E visto che solo chi vuole poter comprare può essere interessato alla rimozione dei “paletti” alla proprietà di un’azienda, un interesse per l’eventuale acquisizione delle minorities in mano a Cnpc appare verosimile, commenta chi segue da vicino le sorti delle Generali, ricordando come del resto già nei mesi scorsi Pechino abbia concesso ad Allianz di procedere con la creazione della prima compagnia assicuratrice operante sul mercato cinese posseduta al 100% da un operatore straniero. In alternativa, come già segnalato dallo stesso Donnet, il gruppo potrebbe cogliere al volo l’occasione di rilevare qualche gruppo di bancassurance in Asia o un assicuratore danni nell’Est Europa o persino un assicuratore sanitario globale.

La borsa ha capito che il turnaround di Generali è ormai completato ed è di nuovo tempo di crescere in mercati ad elevata marginalità o elevata crescita, tanto che dal 20 novembre, quando Donnet presentando il piano strategico 2019-2021 parlò di 3-4 miliardi disponibili nell’arco di piano per la crescita organica e tramite acquisizioni, il titolo è salito di 3 euro per azione (da 14,16 a 17,17 euro), pari ad un 21% abbondante. Nello stesso arco di tempo i suoi due competitor europei storici non hanno tenuto il passo: Axa è salita di poco più del 12% e Allianz del 14%.

Segno che la prospettiva di veder crescere quel 30% di premi ad oggi raccolti al di fuori dei maggiori mercati consolidati (Generali raccoglie in Italia, Francia e Germania oltre il 70% dei suoi premi annui) piace agli investitori, oltre che al management del gruppo triestino.

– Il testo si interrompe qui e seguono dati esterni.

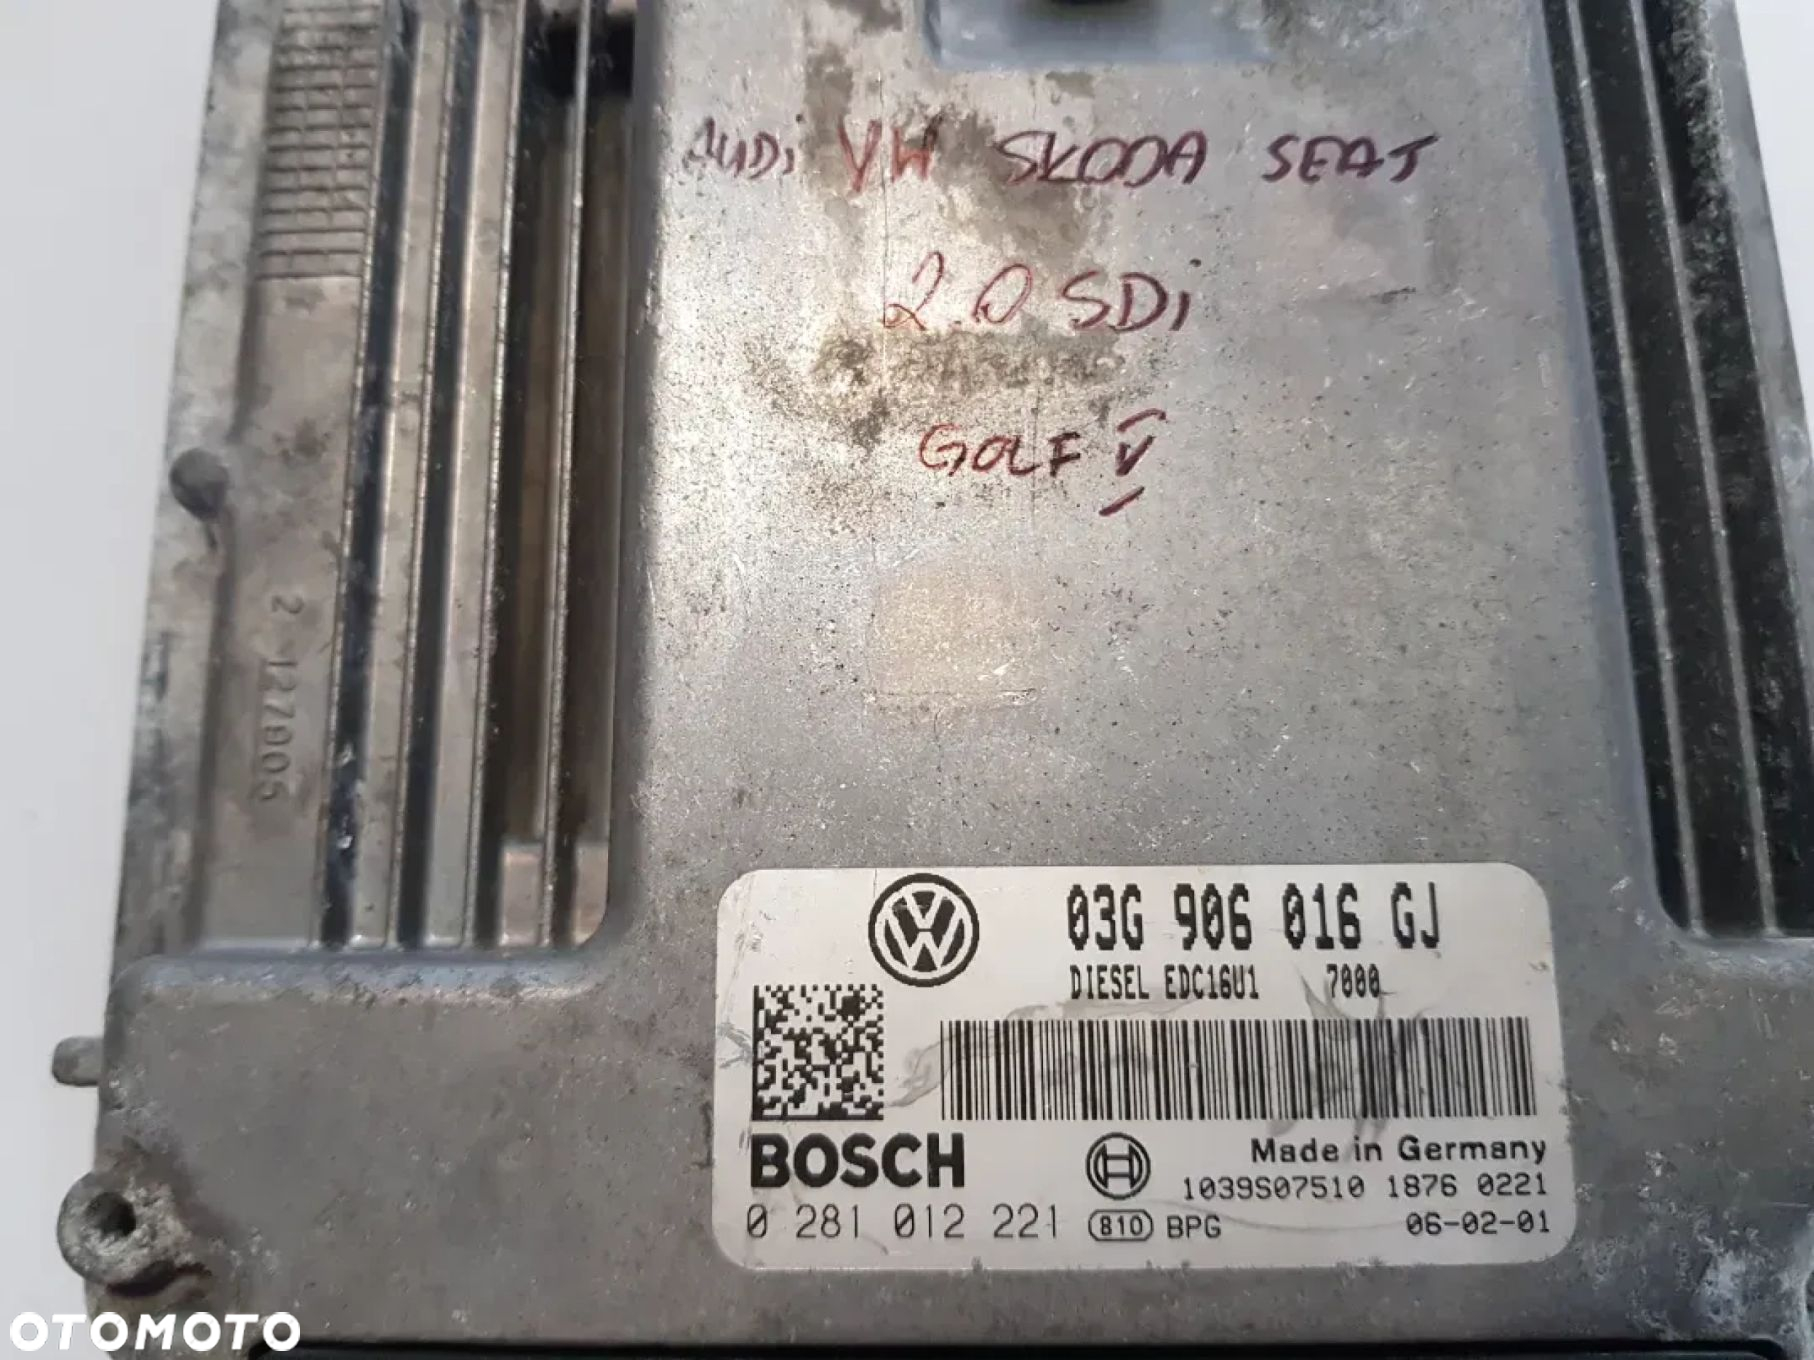 Sterownik komputer silnika Audi Vw Skoda Seat 2.0 sdi Golf V 03g906016gj - 4

Anche perché Donnet, che prima di entrare in Generali nel 2013 era stato il Ceo per l’Asia-Pacifico di Axa e dunque conosce bene le potenzialità di tale area, ha ribadito più volte che eventuali acquisizioni avverranno solo pagando “il giusto” perché pagare troppo è facile, ma alla fine si rivela sempre sbagliato. 

Un modo di ragionare che gli investitori apprezzano, soprattutto nelle fasi potenzialmente finali di un lungo ciclo economico espansivo come l’attuale, quando le valutazioni di mercato tendono a salire in parallelo al numero di operazioni di fusione e acquisizione, in qualche caso rivelandosi ex post dei pessimi affari. Una situazione in cui Donnet e i suoi uomini non intendono in alcun modo venire a trovarsi, pur essendo pronti ad approfittare di ogni occasione che si presenti loro.